There are times in life when some people you know may not like to be held accountable for their mistakes; and they do not like to apologize for them either. They think doing so will weaken them.

When you show them their errors, bring out the truth that they didn't know earlier,
And ask them to resolve the problem, undo their mistakes, clear out their prejudices and apologize to the people they have wronged so there are no more hard feelings,

They tell you to "move on" or "get lost" or "get a life" or worst of all - ignore you completely - and go back into their tiny little shells.

How are you supposed to explain to them that it's them who's not moving on, by clinging on to a wrong belief, a prejudice, by hiding in the shadows and refusing to face the light?

How can you convey to them that the true path of moving forward is to uncover the truth and acknowledge it?

How can you remind them that fate is never kind to those who had no honor or accountability?

How can you explain them that the true measure of strength is to stand up and be accountable for everything you do, instead of dodging and telling the wronged person to "move on" or "get lost" ?

How can you warn them that what goes around comes around? That if they keep this up, someday someone they care for may develop the same misconceptions about them, ruin what was good and pure and then order them to "move on" ?

If you never really cared about these people, if they meant absolutely nothing to you, it wouldn't really matter. But what if you do care? What if they are like family to you? What if they mean the world to you? What if you don't want them to have to endure the same trauma they have mistakenly put someone else through? What if you want them to become better people instead of regressing?

Aren't we social beings? Aren't we supposed to look out for each other? Is it wrong to care for your own?
No, it's not. It's what makes us human.
So why do they admonish the one who tries to help them come around, who is trying to show them the truth?

http://theiowarepublican.com
I know it's not considered nice to tell people what they don't want to hear,
But I also know this : There is a difference between what someone wants, and what he/she needs.
If you can look beyond the wants and perceive the needs, you have a chance to really help someone.

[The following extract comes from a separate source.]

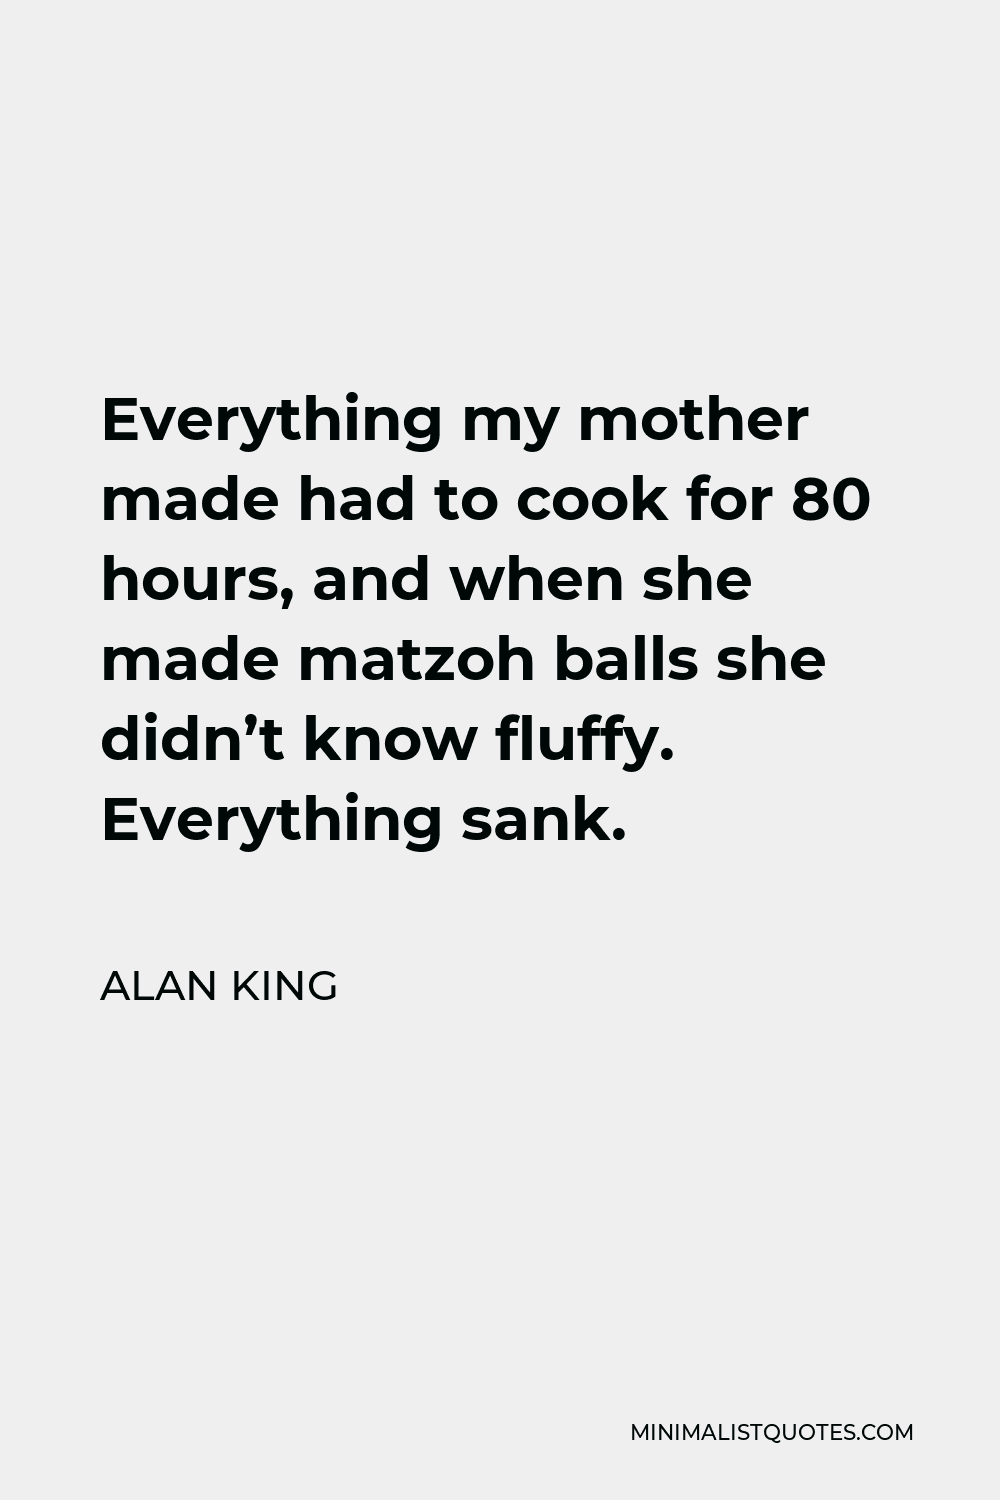 Alan King Quote - Everything my mother made had to cook for 80 hours, and when she made matzoh balls she didn’t know fluffy. Everything sank.

Wants will keep changing with time, don't worry about it. Keep giving them what they need, what everybody needs - the truth. Hopefully, one day they'll learn to listen, respond, and then you can truly Move On.

1 comment:

Wilkim Lee said...

It is good to know how you can handle situations like thses cause sometimes you tend not to open up the "truth" in the fear that you may get a backlash from them.
Cannot access your blog from office and hardly get time to check my mails too....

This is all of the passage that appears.